• **INPUT**:
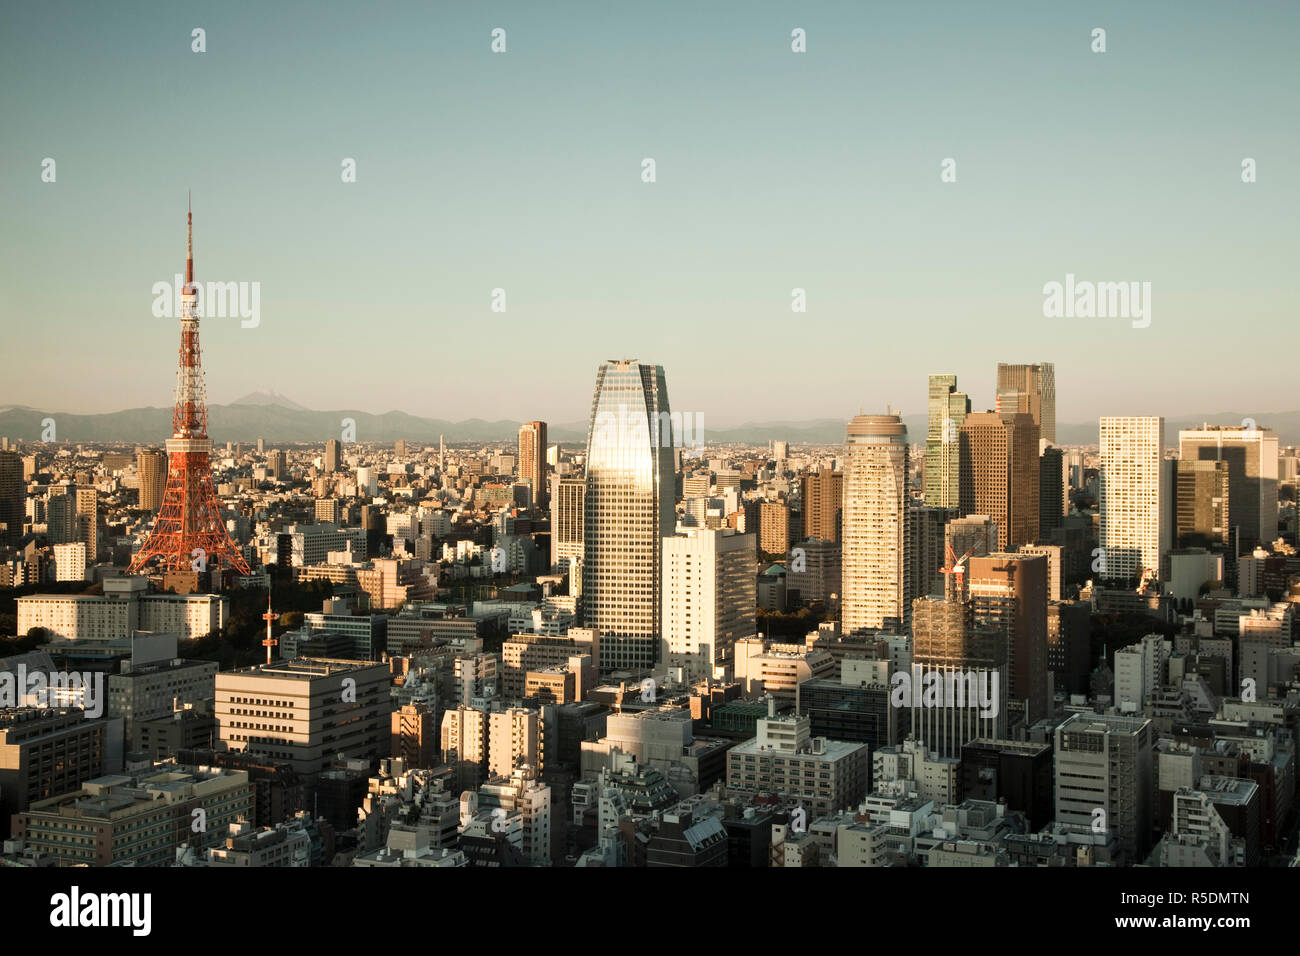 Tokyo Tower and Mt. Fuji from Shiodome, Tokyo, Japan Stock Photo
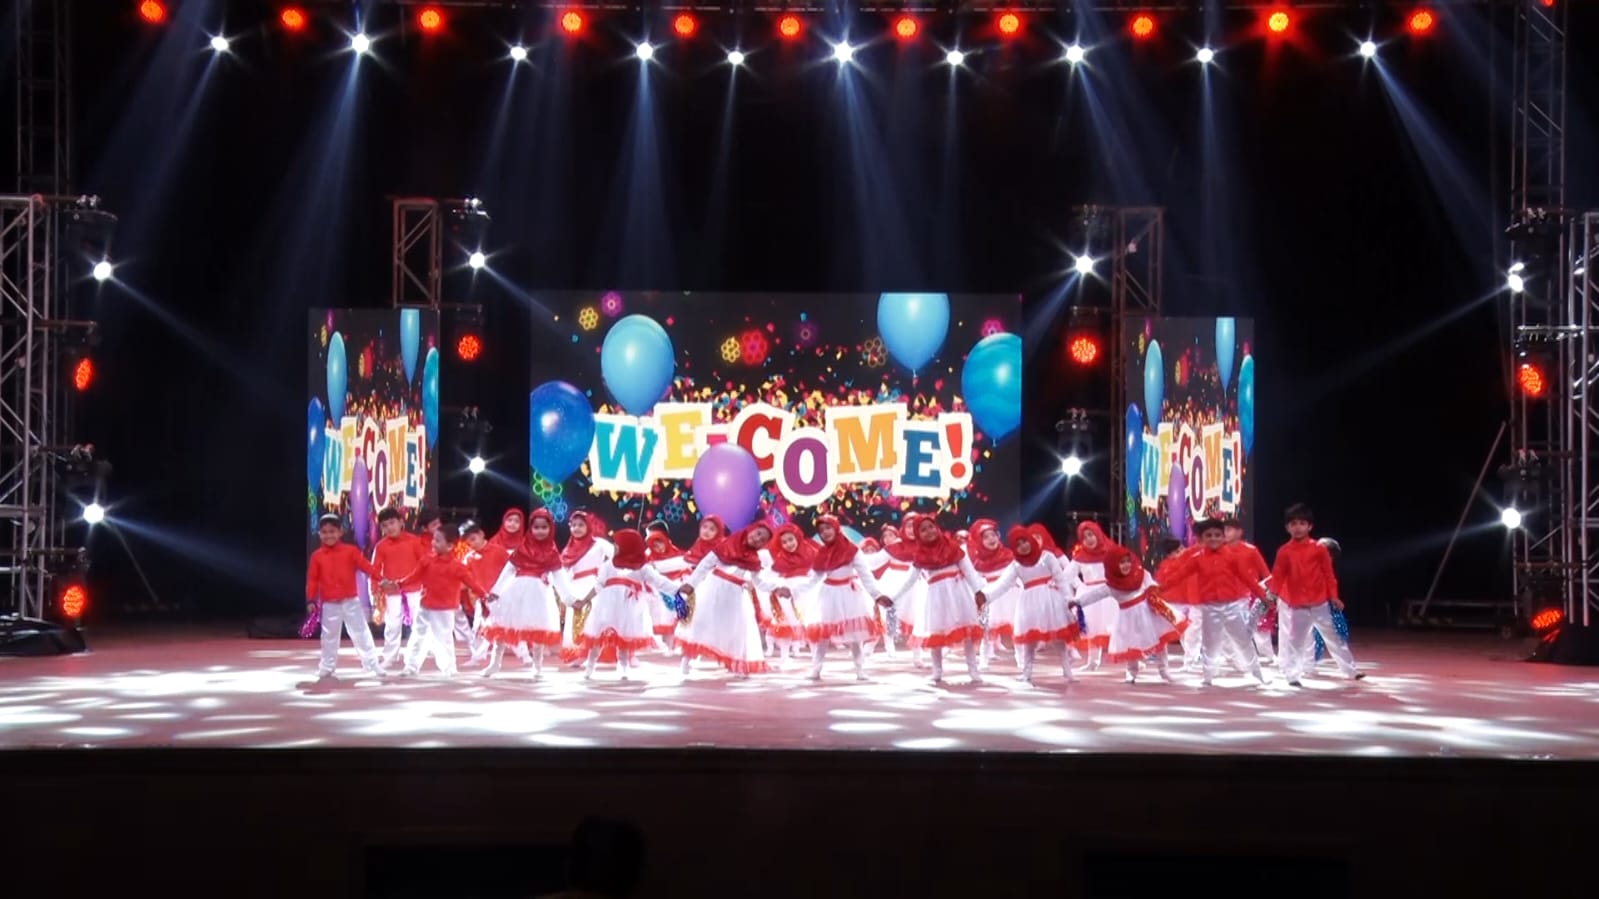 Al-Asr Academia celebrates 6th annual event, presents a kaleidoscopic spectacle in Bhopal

==

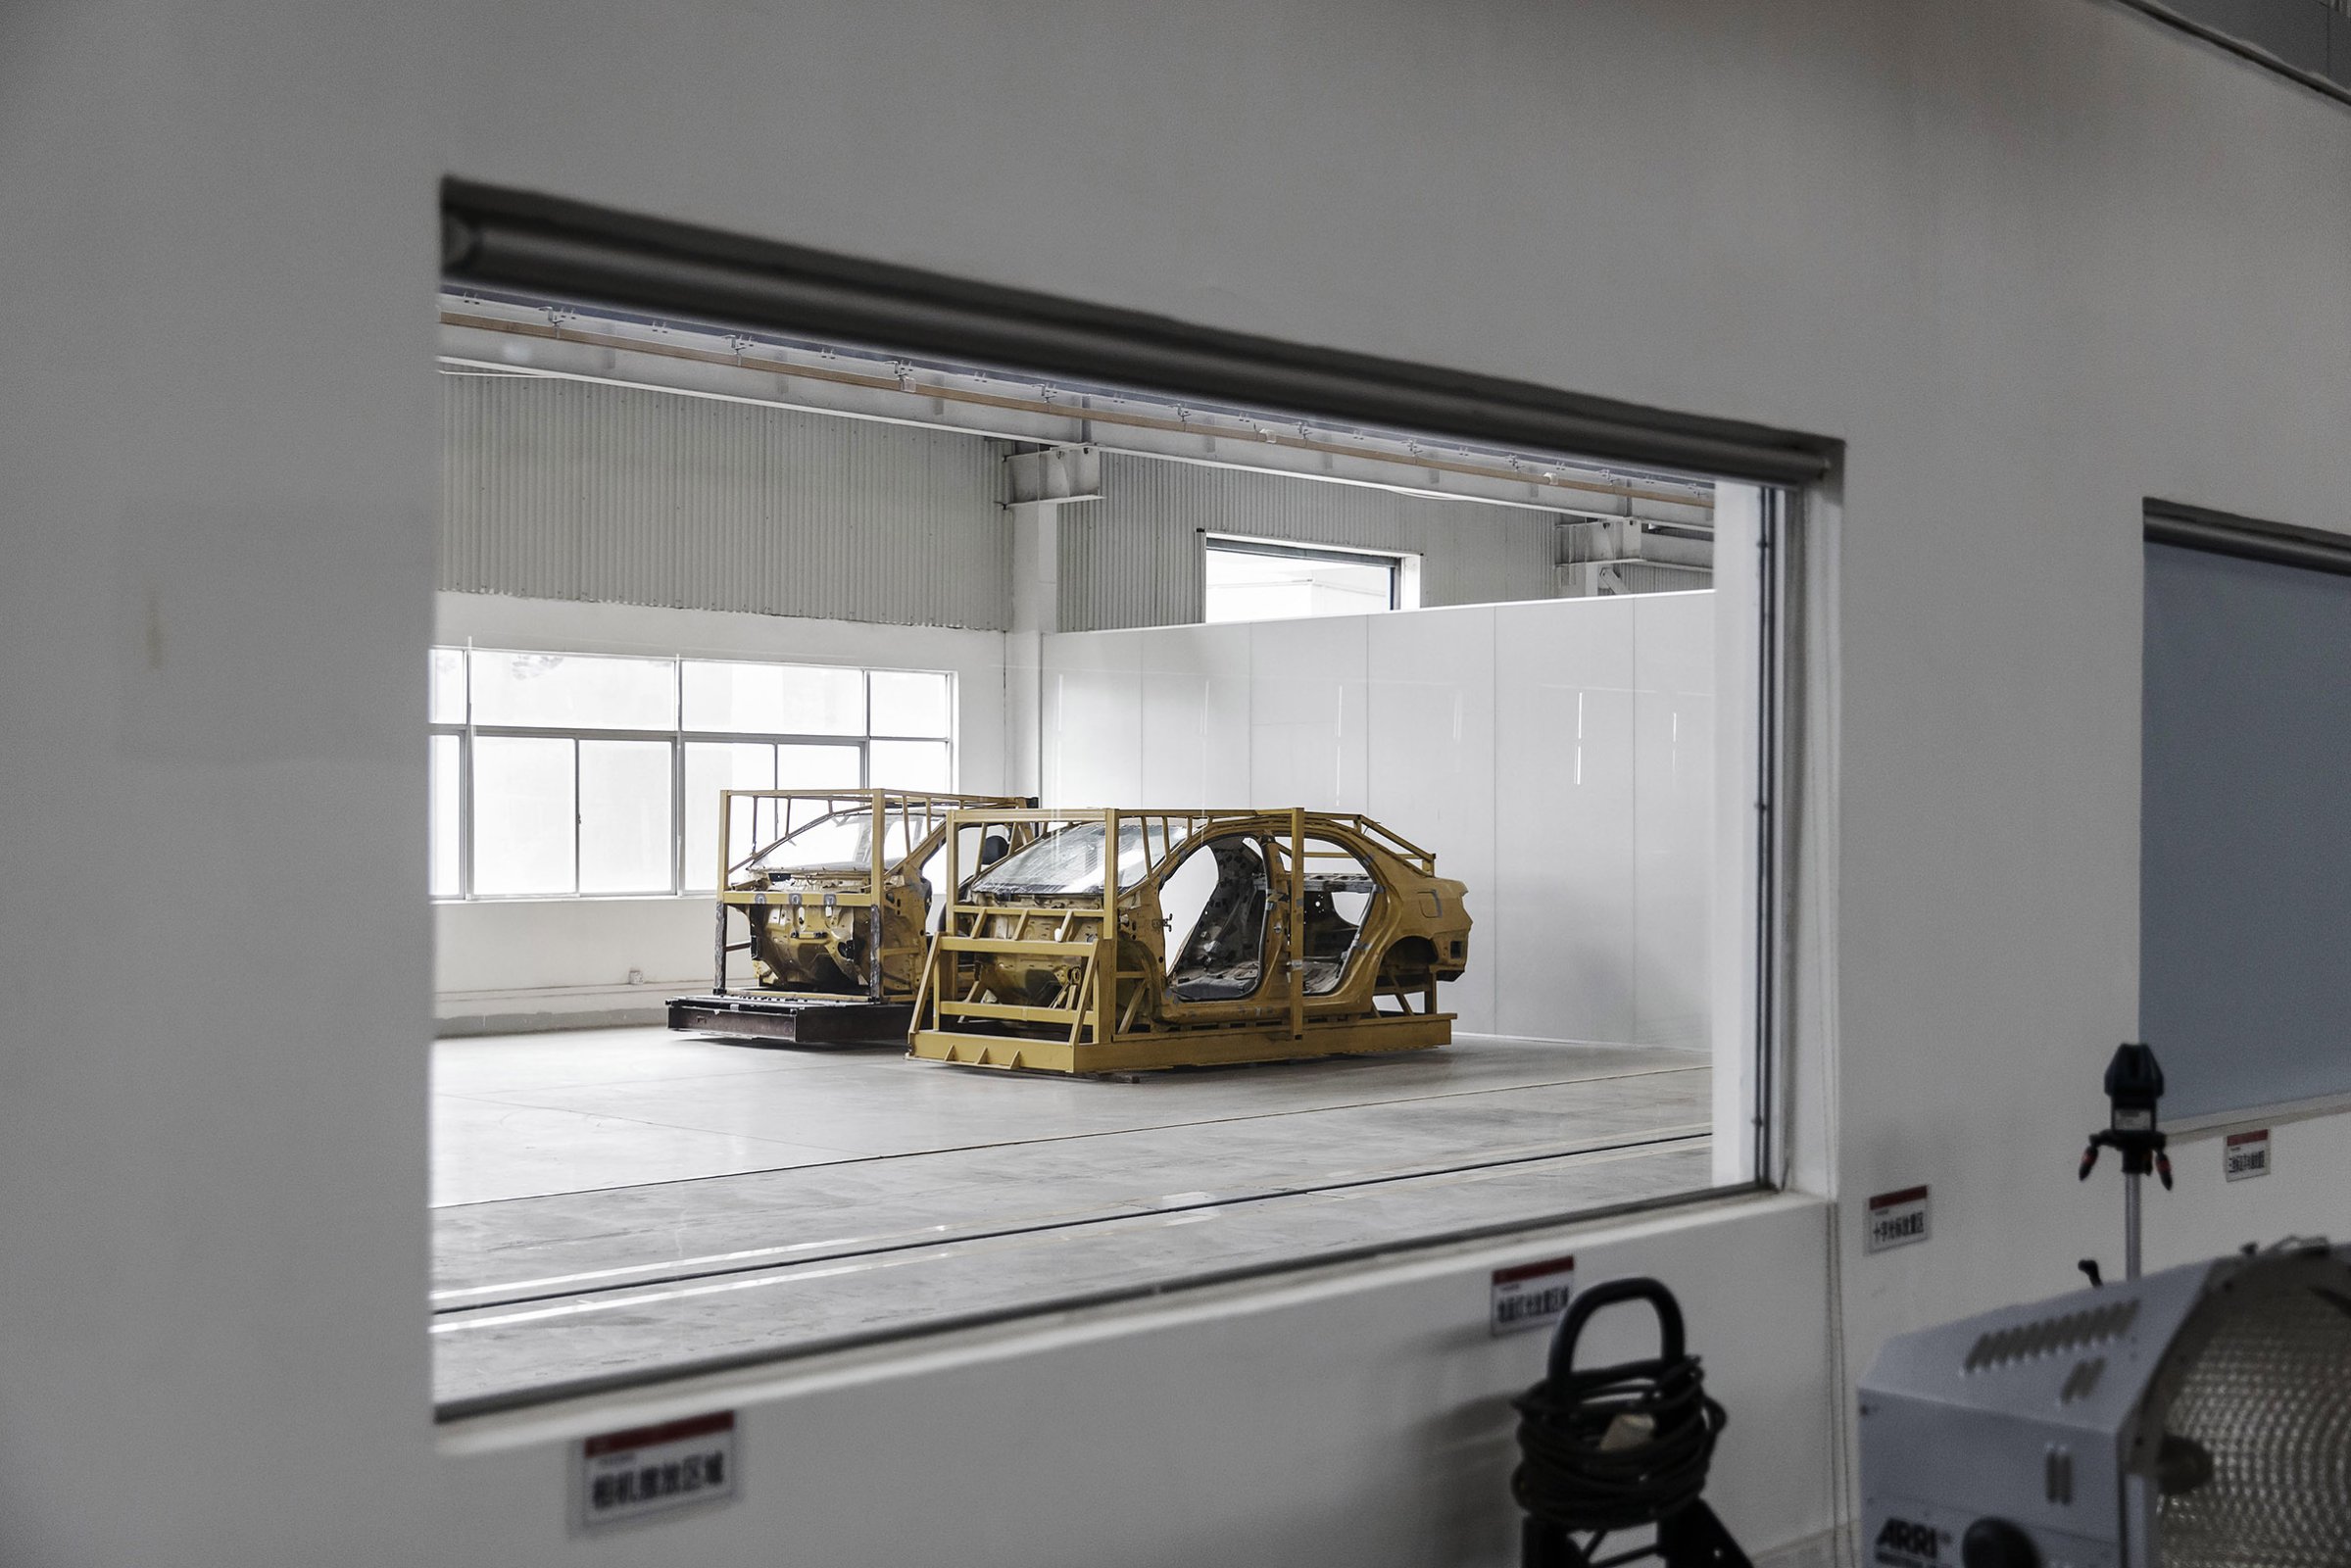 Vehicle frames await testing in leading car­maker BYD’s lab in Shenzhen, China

...

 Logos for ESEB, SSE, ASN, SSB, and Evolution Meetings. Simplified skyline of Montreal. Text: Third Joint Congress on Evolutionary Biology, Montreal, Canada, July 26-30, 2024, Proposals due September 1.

• **TASK DETAILS**:
Line for line, output the entries above from the line with "Tokyo Tower and" to the line with "Al-Asr Academia celebrates", both included, and nothing more. Skip pictures.

• **OUTPUT FOR THIS EXERCISE**:
 Tokyo Tower and Mt. Fuji from Shiodome, Tokyo, Japan Stock Photo
 Al-Asr Academia celebrates 6th annual event, presents a kaleidoscopic spectacle in Bhopal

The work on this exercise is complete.